### PROBLEM TO WORK ON
Copy out each line below containing "Tommy".
+++ DATA RECORDS +++
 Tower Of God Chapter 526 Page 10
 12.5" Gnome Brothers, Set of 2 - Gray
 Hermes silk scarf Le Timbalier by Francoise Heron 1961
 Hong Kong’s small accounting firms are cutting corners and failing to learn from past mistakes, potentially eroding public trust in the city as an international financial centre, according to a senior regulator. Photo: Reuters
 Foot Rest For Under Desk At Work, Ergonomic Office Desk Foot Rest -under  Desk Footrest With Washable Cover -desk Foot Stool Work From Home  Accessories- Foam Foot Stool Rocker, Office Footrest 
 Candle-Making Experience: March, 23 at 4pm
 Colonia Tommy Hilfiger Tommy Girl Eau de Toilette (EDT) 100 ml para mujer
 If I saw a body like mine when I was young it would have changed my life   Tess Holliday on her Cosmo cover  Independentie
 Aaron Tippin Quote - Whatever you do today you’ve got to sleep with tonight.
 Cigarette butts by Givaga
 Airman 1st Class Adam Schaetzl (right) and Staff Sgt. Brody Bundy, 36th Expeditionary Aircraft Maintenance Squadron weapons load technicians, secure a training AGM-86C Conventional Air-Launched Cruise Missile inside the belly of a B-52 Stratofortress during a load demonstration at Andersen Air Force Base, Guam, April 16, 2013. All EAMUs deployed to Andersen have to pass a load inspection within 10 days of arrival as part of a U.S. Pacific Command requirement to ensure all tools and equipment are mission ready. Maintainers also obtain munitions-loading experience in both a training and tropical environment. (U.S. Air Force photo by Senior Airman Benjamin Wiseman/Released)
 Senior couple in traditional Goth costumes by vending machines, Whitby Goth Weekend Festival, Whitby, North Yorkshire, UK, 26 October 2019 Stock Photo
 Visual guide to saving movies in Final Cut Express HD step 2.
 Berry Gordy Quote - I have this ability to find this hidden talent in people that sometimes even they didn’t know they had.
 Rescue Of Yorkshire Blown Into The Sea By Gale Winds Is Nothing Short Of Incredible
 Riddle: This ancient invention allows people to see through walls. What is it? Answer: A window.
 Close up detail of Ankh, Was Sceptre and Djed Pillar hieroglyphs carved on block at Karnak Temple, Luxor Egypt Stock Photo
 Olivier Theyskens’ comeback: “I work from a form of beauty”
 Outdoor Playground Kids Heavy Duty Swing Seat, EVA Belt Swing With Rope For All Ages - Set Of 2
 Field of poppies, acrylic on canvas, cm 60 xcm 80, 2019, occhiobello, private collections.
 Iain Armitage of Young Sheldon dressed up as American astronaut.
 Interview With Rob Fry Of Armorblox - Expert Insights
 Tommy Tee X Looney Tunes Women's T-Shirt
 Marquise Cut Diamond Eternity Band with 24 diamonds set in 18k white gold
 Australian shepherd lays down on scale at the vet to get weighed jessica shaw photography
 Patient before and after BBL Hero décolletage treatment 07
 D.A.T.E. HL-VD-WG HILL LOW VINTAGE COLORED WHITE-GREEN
+++
### ANSWER BOX
 Colonia Tommy Hilfiger Tommy Girl Eau de Toilette (EDT) 100 ml para mujer
 Tommy Tee X Looney Tunes Women's T-Shirt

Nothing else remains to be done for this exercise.